Cloud storage of such entries — even encrypted, even with strong key management — exposes them to a class of risks that cannot be engineered around. Subpoenas, in jurisdictions a user did not choose. Accidental staff access during incidents. Misconfiguration during a routine migration. A policy that changes after acquisition. A breach. We could enumerate mitigations for each risk, but the honest summary is that there is no design that fully neutralises all of them; the only design that does is one where the data never arrives in the first place.

Why on-device is now viable

Five years ago, this argument would have been principled but impractical. Today it is principled and practical. Small, well-trained 3–7B language models running on flagship phone NPUs handle reflective prompting at acceptable quality and latency: median time-to-first-token in the low hundreds of milliseconds on current iPhones and flagship Android handsets, fluency that is markedly below frontier cloud models but markedly above what reflective journaling actually requires.

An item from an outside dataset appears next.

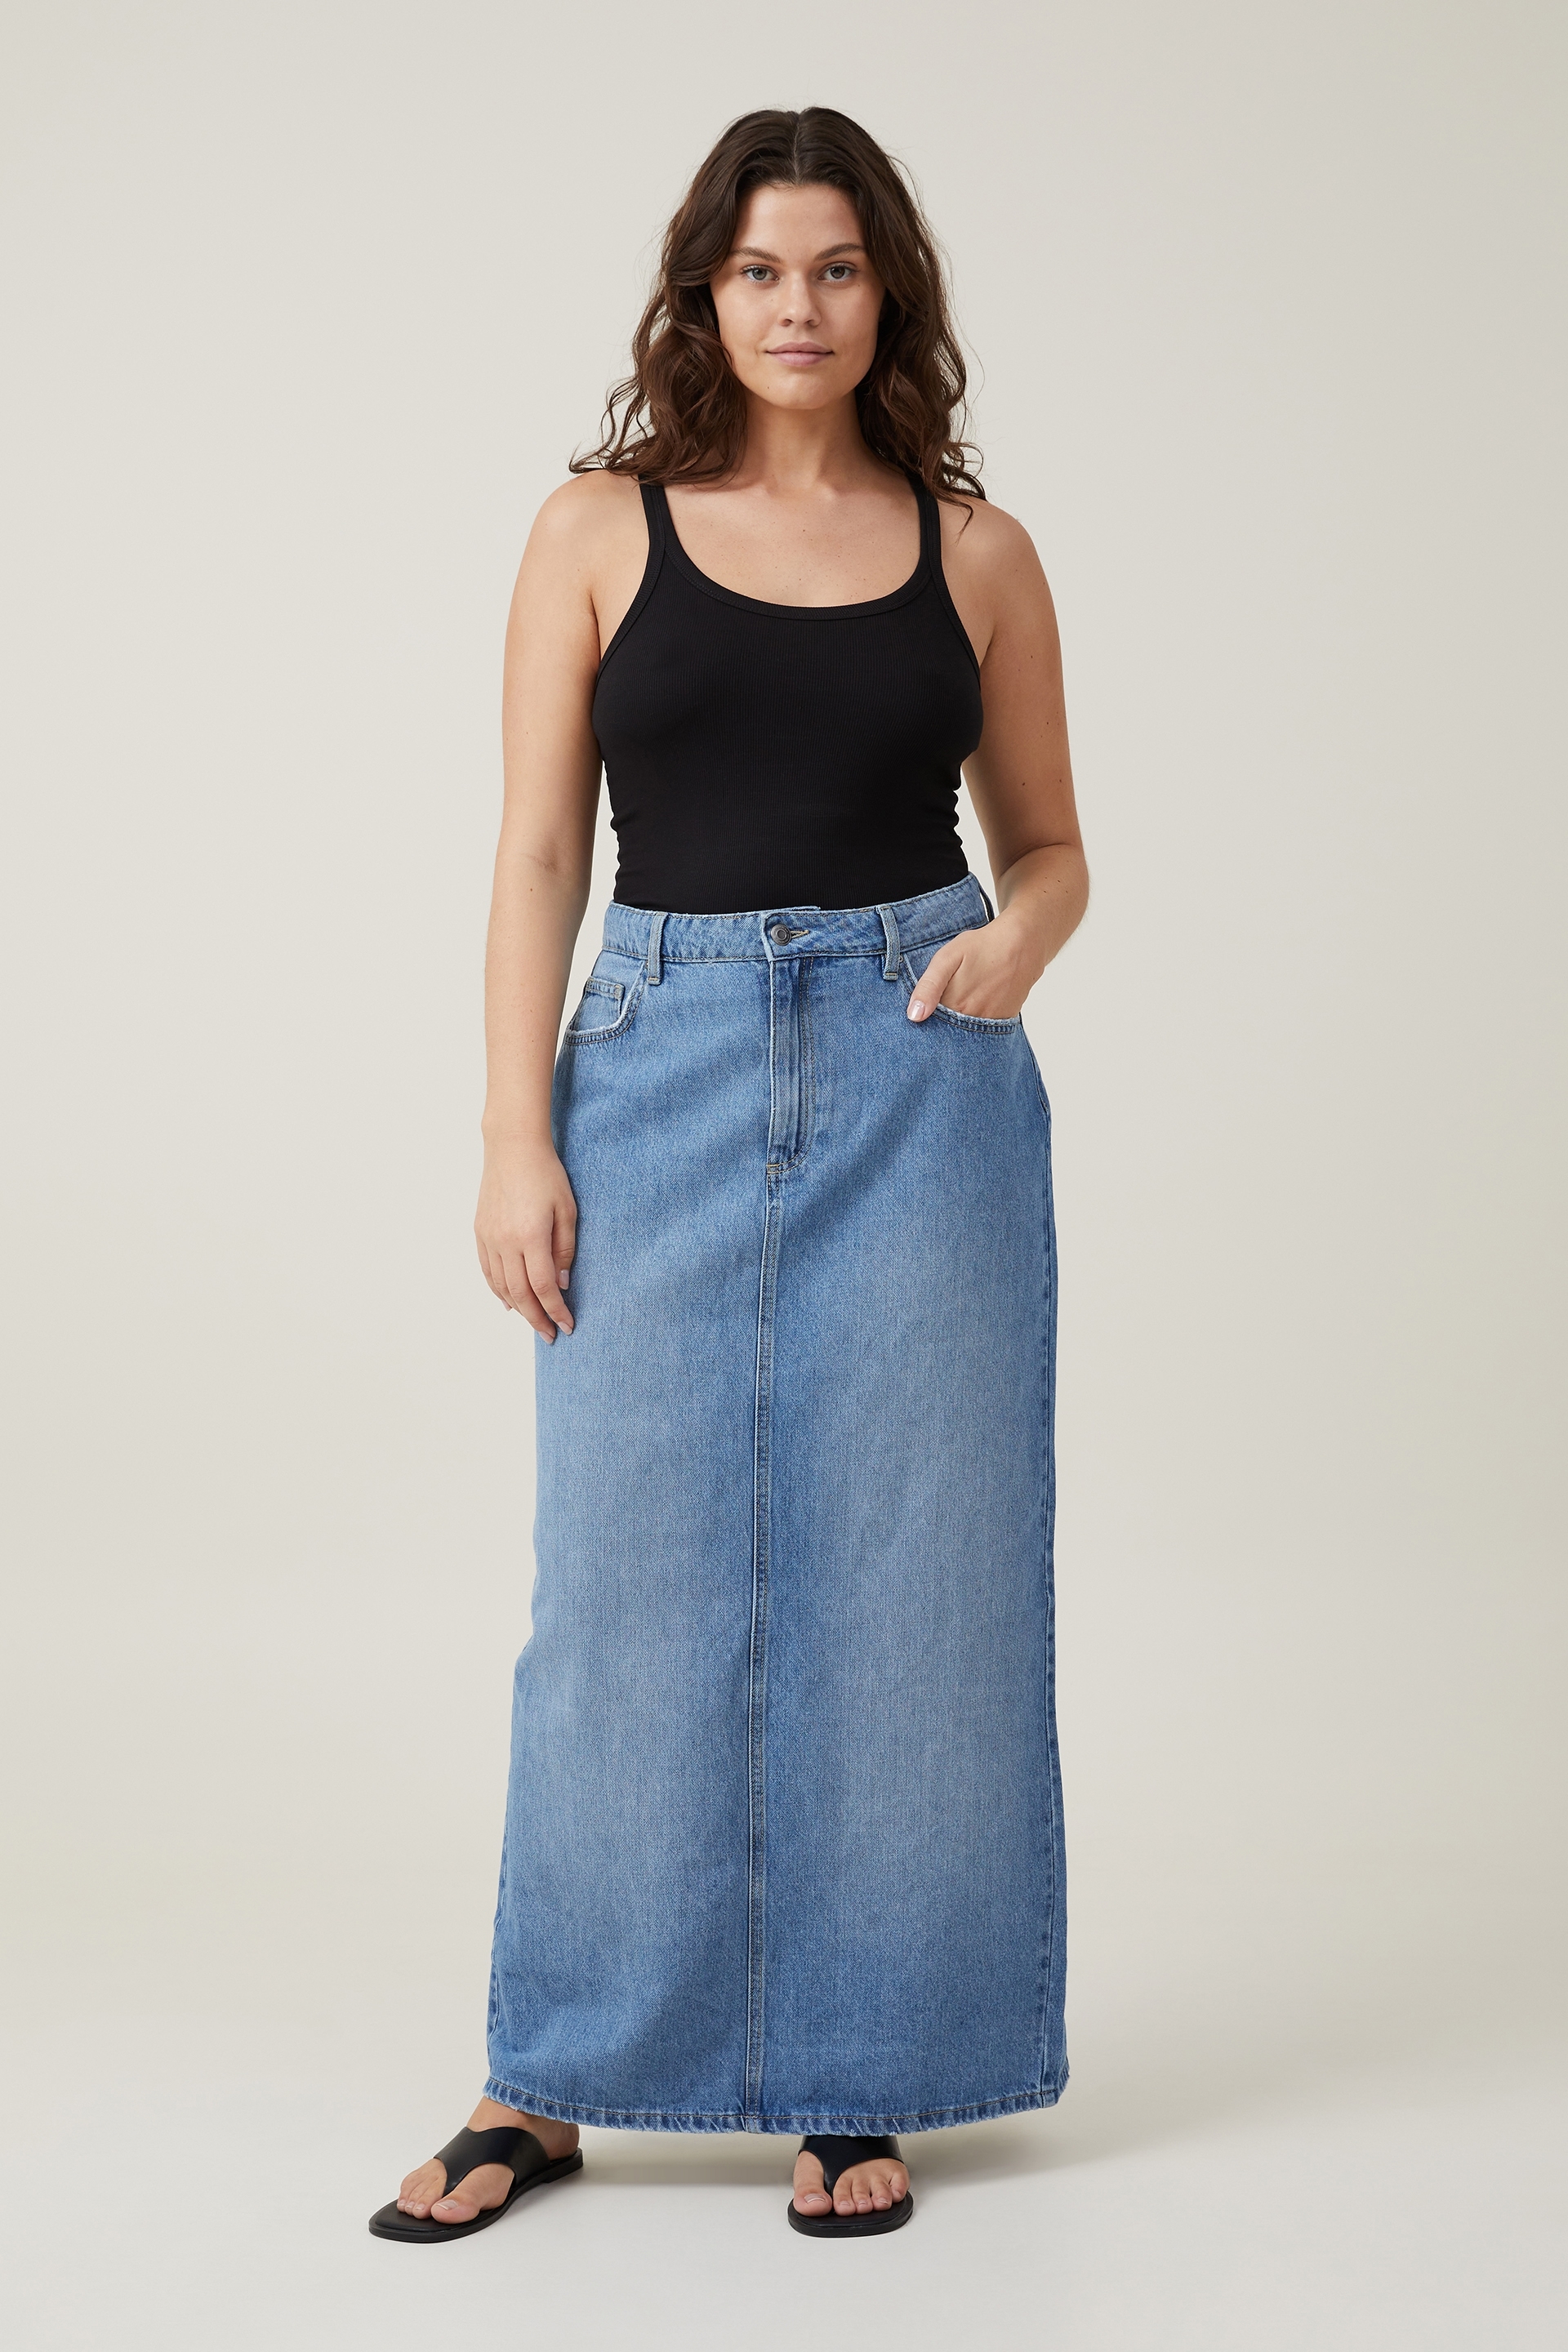 Black Denim Skirt | Buy Denim Skirts Online Australia- THE ICONIC

We use a distilled 4B model finetuned on a carefully curated reflective corpus. The corpus is hand-assembled from public-domain contemplative writing and licensed transcripts of mindfulness teachers we partner with, with categories of training data — therapy transcripts, social media, scraped wellness content — deliberately excluded.

The honest trade-off

On-device models are not as fluent as the largest cloud models. We will not pretend otherwise. Our research suggests that for reflective journaling the trade matters far less than people think — what users value is the prompt that opens the door, not the eloquence of a paragraph. In side-by-side blinded comparisons, users rated on-device prompts within 0.4 points (on a 1–7 scale) of cloud-model prompts; the difference disappeared entirely on a four-week revisit.

For long-form essay writing, or anything you intend to publish, a cloud model is still the right tool. For the kind of writing this product is for — the writing you do only for yourself — the right tool is one that physically cannot betray you.

How Reflect Grove is built

Inference runs locally. Embeddings stay on-device. Sync between your own devices uses end-to-end encryption with keys that never leave your custody. We literally cannot read your entries; we have not built the infrastructure to. The runtime container that holds the model has its network capability disabled at the OS level; we welcome anyone to verify this on a fresh install.

What does leave the device, only if you opt in, is anonymised weekly aggregate counts — for example, that you wrote four times this week. No prompts, no entries, no embeddings. This is off by default. We chose it as the only telemetry stream because it is the minimum we need to know whether the product is working, and the maximum we could in principle ship without compromising the architectural claim.

What this enables

The kinds of reflections people would never type into a cloud product — about partners, about parents, about themselves — can finally be supported by AI that genuinely cannot betray them. Our internal hypothesis, formed in the first weeks of beta, is that the value of this category of product is not the eloquence of the response, but the safety of the page. We have not yet seen evidence against that hypothesis. Reflect Grove is the design that follows from taking it seriously.